Тысяча бумажных птиц - Тор Юдолл
Шрифт:
Интервал:
Зыбкое воспоминание. Мысленная картинка, наложившаяся на реальность. На другой стороне пруда с кувшинками стоят двое, мужчина и женщина. Поначалу он не понимает, кто это. Но потом узнает ее оливковую замшевую куртку. Мужчина знакомо сутулится, как будто с детства стесняется своего великанского роста. Он только что сдал экзамен и получил свидетельство о последипломном педагогическом образовании. Она только что перенесла третий выкидыш.
Август. Хмурый, облачный день. Мужчина и женщина вместе рисуют картину молчания. Он внутренне сминает себя, пытаясь втиснуться в некую форму, которую, как ему представляется, эта женщина сможет любить. Он то обнимает себя за плечи, то скрещивает руки на животе, словно пытается вылепить из себя кого-то другого. Кого-то надежного. Такого, на кого могла бы опереться его жена.
Она смотрит на воду и курит, глубоко затягиваясь и слишком долго удерживая дым в легких. Мужчина ждет, наблюдает за ее неподвижным, застывшим лицом. У нее даже плечи горюют.

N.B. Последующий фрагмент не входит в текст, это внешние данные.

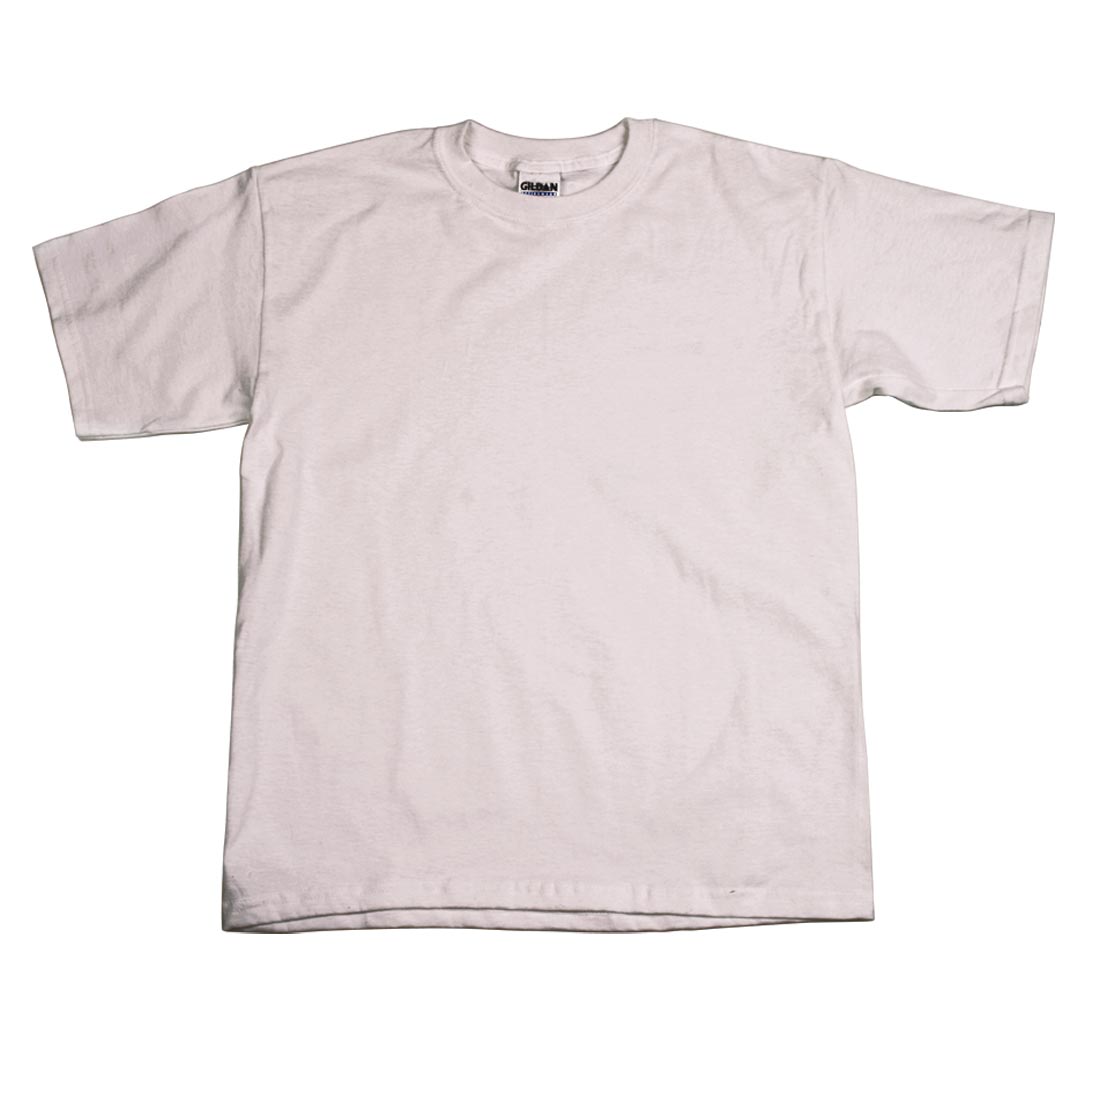 Youth Small Plain White T-Shirt

Спина сокрушается, шея дышит тоской.
– Я думал, ты не начнешь курить снова.
Она не оборачивается к нему.
– Я бы, может, и не начала…
Джона чувствует привкус собственных слов. Их бессмысленность как несвежее дыхание.
– Все будет хорошо.
Это ложь, которую они оба принимают на веру.
– Давай куда-нибудь съездим, Од. Можно опять на Сицилию. Ты станешь матерью, честное слово.
Слезинка срывается с ее подбородка, и он жалеет, что у него нет фотоаппарата. Он бы запечатлел это мгновение… эту женщину, которая снова стала похожей на его жену.
* * *
Сидя в Лощине рододендронов, Гарри спрашивает у цветов:
– Что заставляет нас выбрать одного-единственного человека из тысяч других?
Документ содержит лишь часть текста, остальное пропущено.